But I have been asking how one gets the HUP out of such a thing, to prove that you can't, yet, you can still have a "measurement uncertainty". Even you have mentioned somewhere along the way that measurement uncertainty can contain the HUP plus other uncertainty, haven't you? So how can this and the HUP be the same thing?

I think you're misunderstanding me, I didn't say "measurement uncertainty" is just the same thing as the HUP. Rather, the HUP is a type of measurement uncertainty, but there are also other forms of measurement uncertainty due to purely classical considerations like the resolving power of your measuring apparatus.

The other problem that I have is that I don't think you have illustrated what you mean by such a thing clearly by using it for a particular example. You will notice that I keep trying to illustrate what I meant by using specific example, such as using a single slit case. I'd like to see how you extract such "measurement uncertainty", and how this is also the HUP.

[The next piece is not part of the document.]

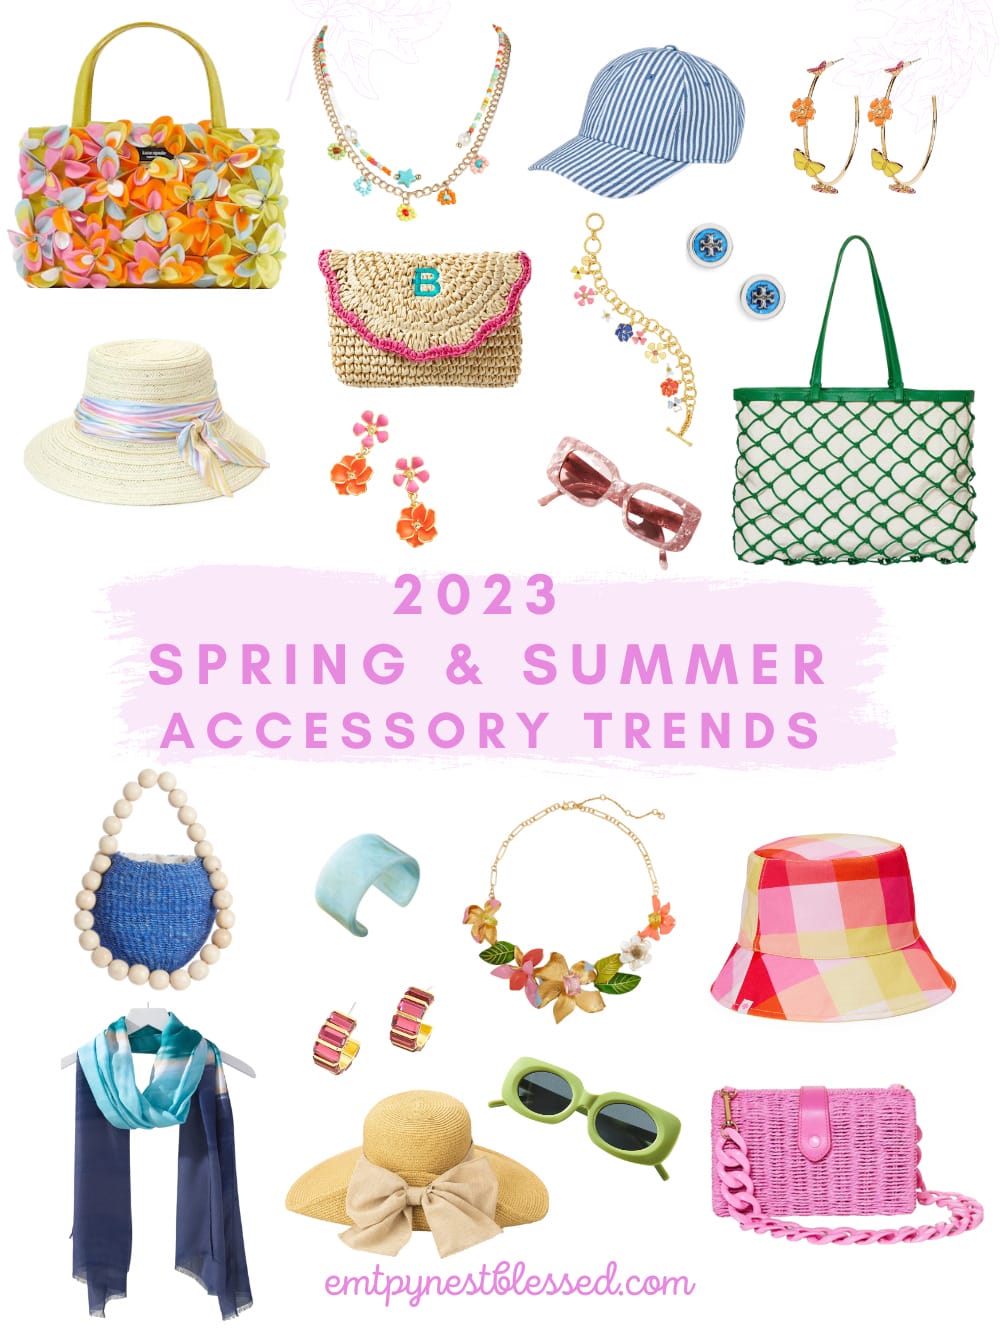 & Accessories — Styles to Know & Love

How I extract measurement uncertainty from what? Your example, or any example? If we are talking about the HUP as an example of measurement uncertainty, then you'd illustrate it in exactly the same way that you illustrate the HUP. For example, you could make an inexact momentum measurement followed by a precise position measurement immediately afterwards, and repeat over a near-infinite number of trials; then looking just at the subset of trials where the inexact momentum measurement found the momentum to be within a certain range, you could look at the range of different precise positions found immediately after in this same subset of trials, and see that the range of the momentum vs. the range of position obeys the relation given by the HUP.

If you want to illustrate an example of measurement uncertainty that is not due to the HUP but due to the particular measurement technique you're using, the basic idea would be similar, as I suggested in a previous post:

if you look at large number of trials where an imprecise precision-measuring device found the position to be at a certain pixel, and immediately afterwards a more precise position measurement was made, the uncertainty in the first measurement tells you the range of positions that will be found by the more precise measurement in the entire set of trials, given identical readings by the first device in each trial.

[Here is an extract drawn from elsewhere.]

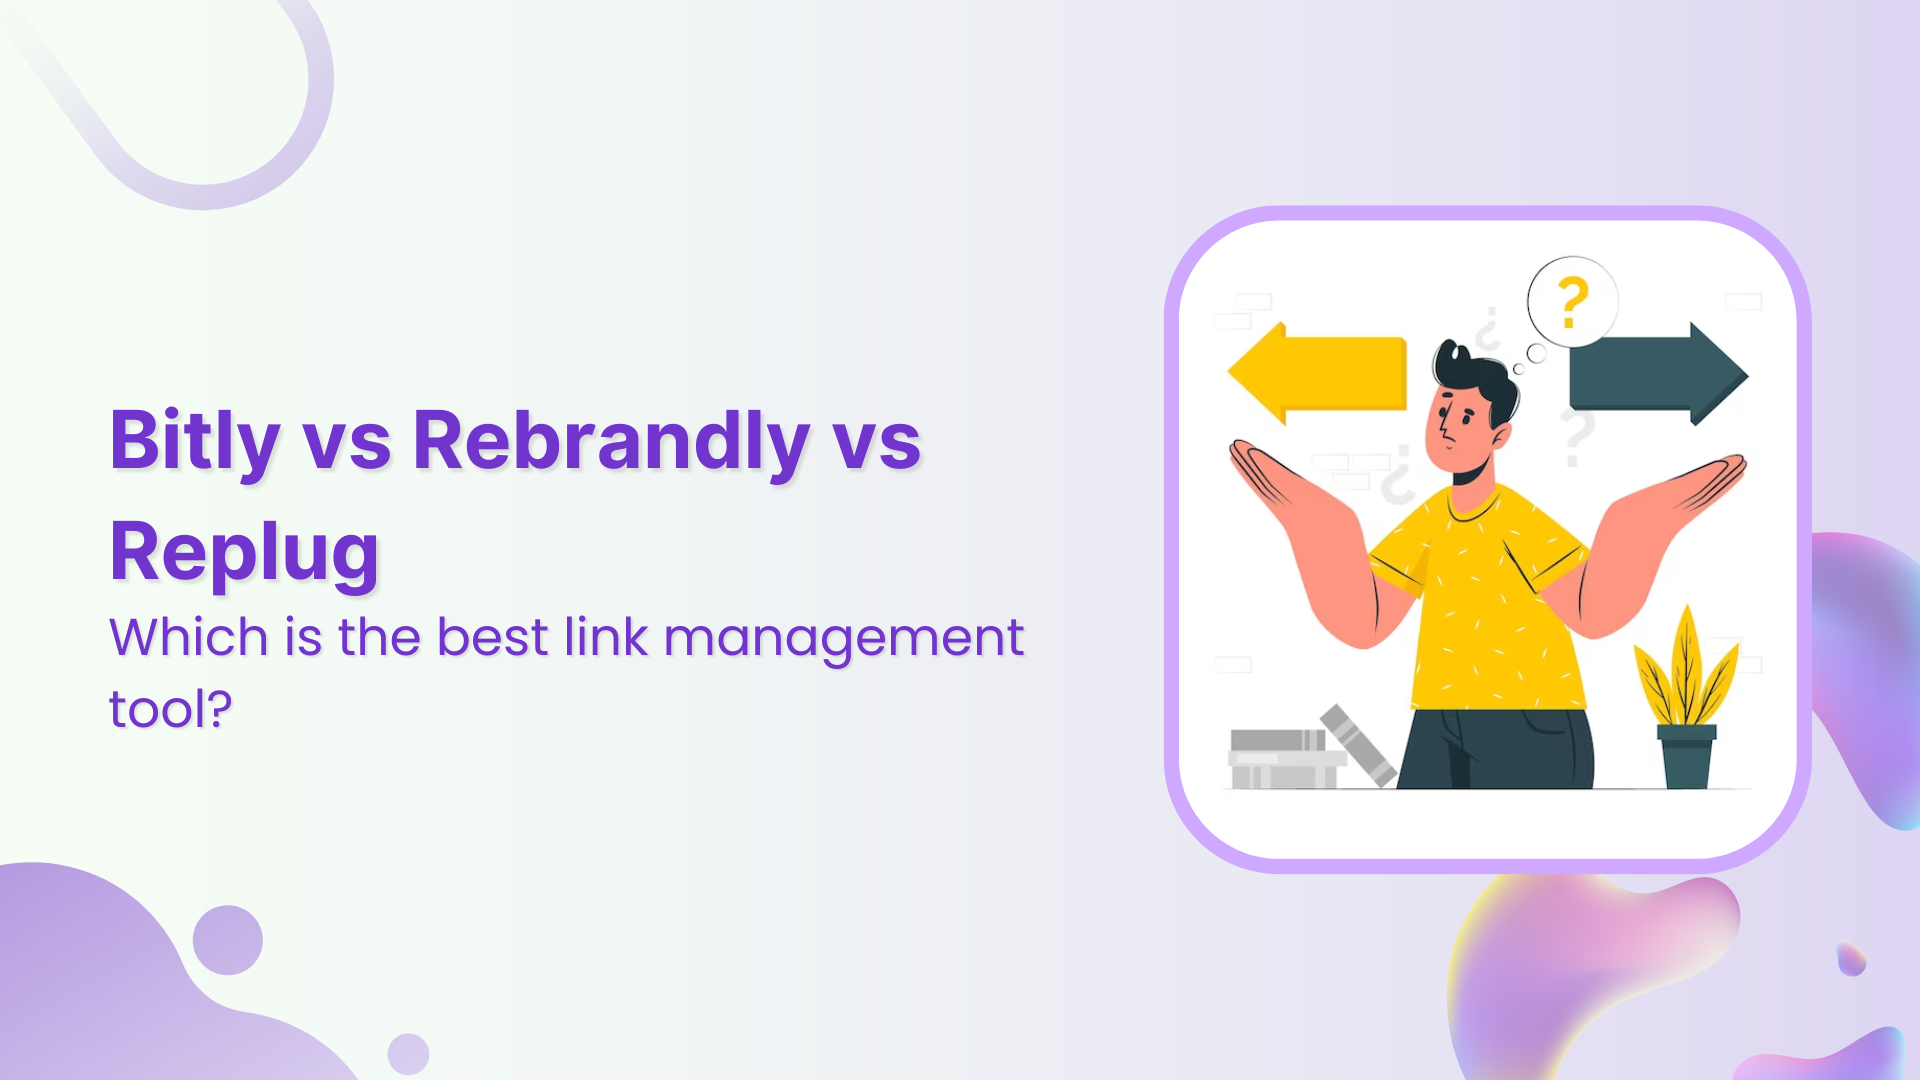 Bitly vs Rebrandly vs Replug: Which is the best link management tool?

In every case, the idea is that you can determine the uncertainty in a given type of measurement by taking a large number of trials where you made that type of measurement and it gave you a certain answer, then immediately afterwards you made a much more precise measurement, whether of the same variable or a different variable; the "uncertainty" is in your prediction of the result of the second precise measurement, given only knowledge of the result of the first measurement. The wider the range of possible results of the second measurement in a large set of trials where the first measurement gave the same result on each trial, the greater the "measurement uncertainty" associated with the first measurement's ability to predict the value of the variable measured by the second measurement.

 

[ZapperZ]

Only in the same sense that you have a "probability" for a single event--it's a notion that implicitly depends on the frequency of different outcomes in a large set of identical trials.

But how are you to know this after you have performed just ONE set of measurement?

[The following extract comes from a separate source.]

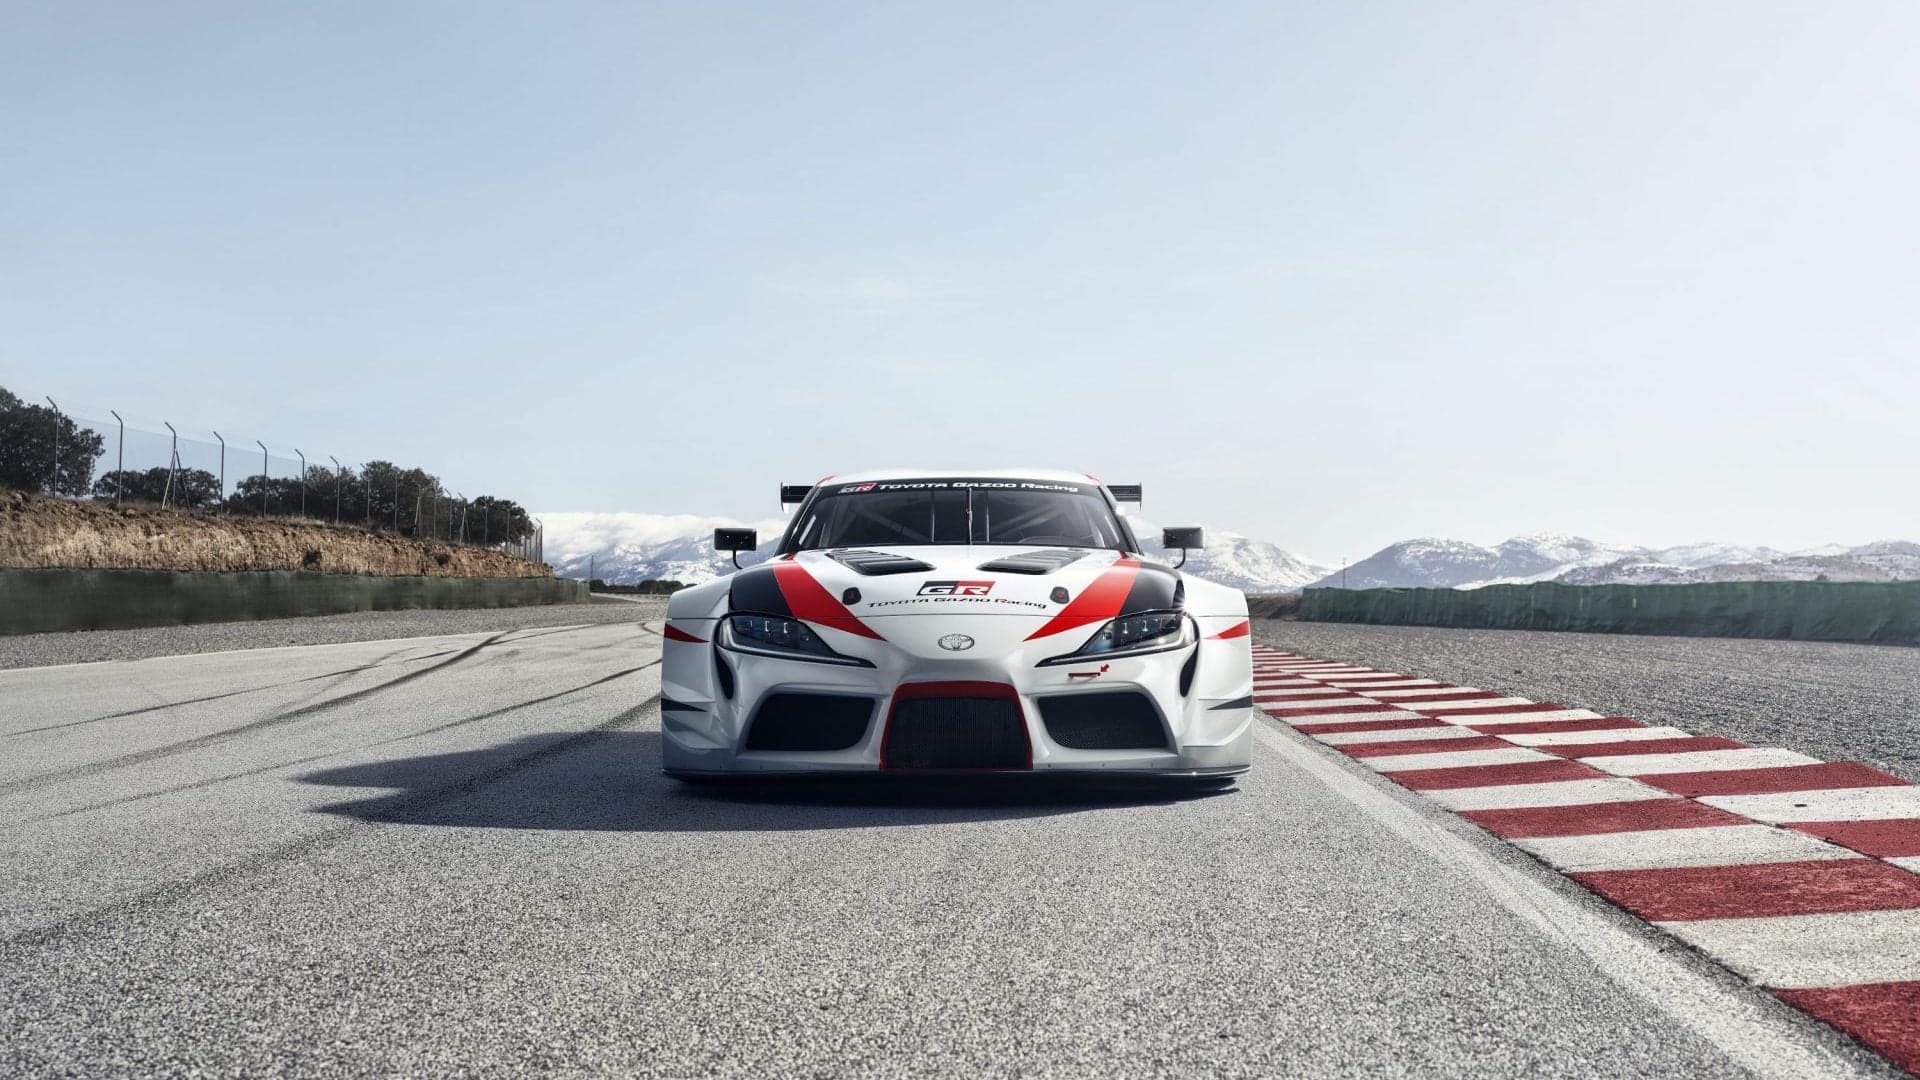 Here’s the New Toyota Supra in a Racing Suit

I think you're misunderstanding me, I didn't say "measurement uncertainty" is just the same thing as the HUP. Rather, the HUP is a type of measurement uncertainty, but there are also other forms of measurement uncertainty due to purely classical considerations like the resolving power of your measuring apparatus.

And I say that the HUP is not a type of measurement uncertainty. You can have an absolutely perfect measurement instrument giving you an ideal zero uncertainty, and you can still have the HUP, which isn't really an uncertainty, but rather than inherent spread of a value measured repeatedly. This is why I distinguised the HUP from the "measurement uncertainty". They are not of the same specie. You can improve the accuracy of your measurement of any observable independent of each other. I can make my measurement of the position as accurately as I want, independent of the accuracy of how I determine the momentum of that particle afterwards. They are not related and not coupled together as described by the HUP. But this doesn't mean that I have the ability to predict the outcome of the NEXT measurement, even when I have equipment to accurately determine both position AND momentum.

How I extract measurement uncertainty from what? Your example, or any example? If we are talking about the HUP as an example of measurement uncertainty, then you'd illustrate it in exactly the same way that you illustrate the HUP. For example, you could make an inexact momentum measurement followed by a precise position measurement immediately afterwards, and repeat over a near-infinite number of trials; then looking just at the subset of trials where the inexact momentum measurement found the momentum to be within a certain range, you could look at the range of different precise positions found immediately after in this same subset of trials, and see that the range of the momentum vs. the range of position obeys the relation given by the HUP.

No, in a single measurement, show me how you determine such "measurement uncertainty". Use ANY specific example as you wish. I happened to use the single slit. If you wish, you can use that. Show me exactly where, when single particle passes through the slit, you'd determine all the types of "uncertainty", and how such a thing would lead to the HUP.

If you want to illustrate an example of measurement uncertainty that is not due to the HUP but due to the particular measurement technique you're using, the basic idea would be similar, as I suggested in a previous post: In every case, the idea is that you can determine the uncertainty in a given type of measurement by taking a large number of trials where you made that type of measurement and it gave you a certain answer, then immediately afterwards you made a much more precise measurement, whether of the same variable or a different variable; the "uncertainty" is in your prediction of the result of the second precise measurement, given only knowledge of the result of the first measurement. The wider the range of possible results of the second measurement in a large set of trials where the first measurement gave the same result on each trial, the greater the "measurement uncertainty" associated with the first measurement's ability to predict the value of the variable measured by the second measurement.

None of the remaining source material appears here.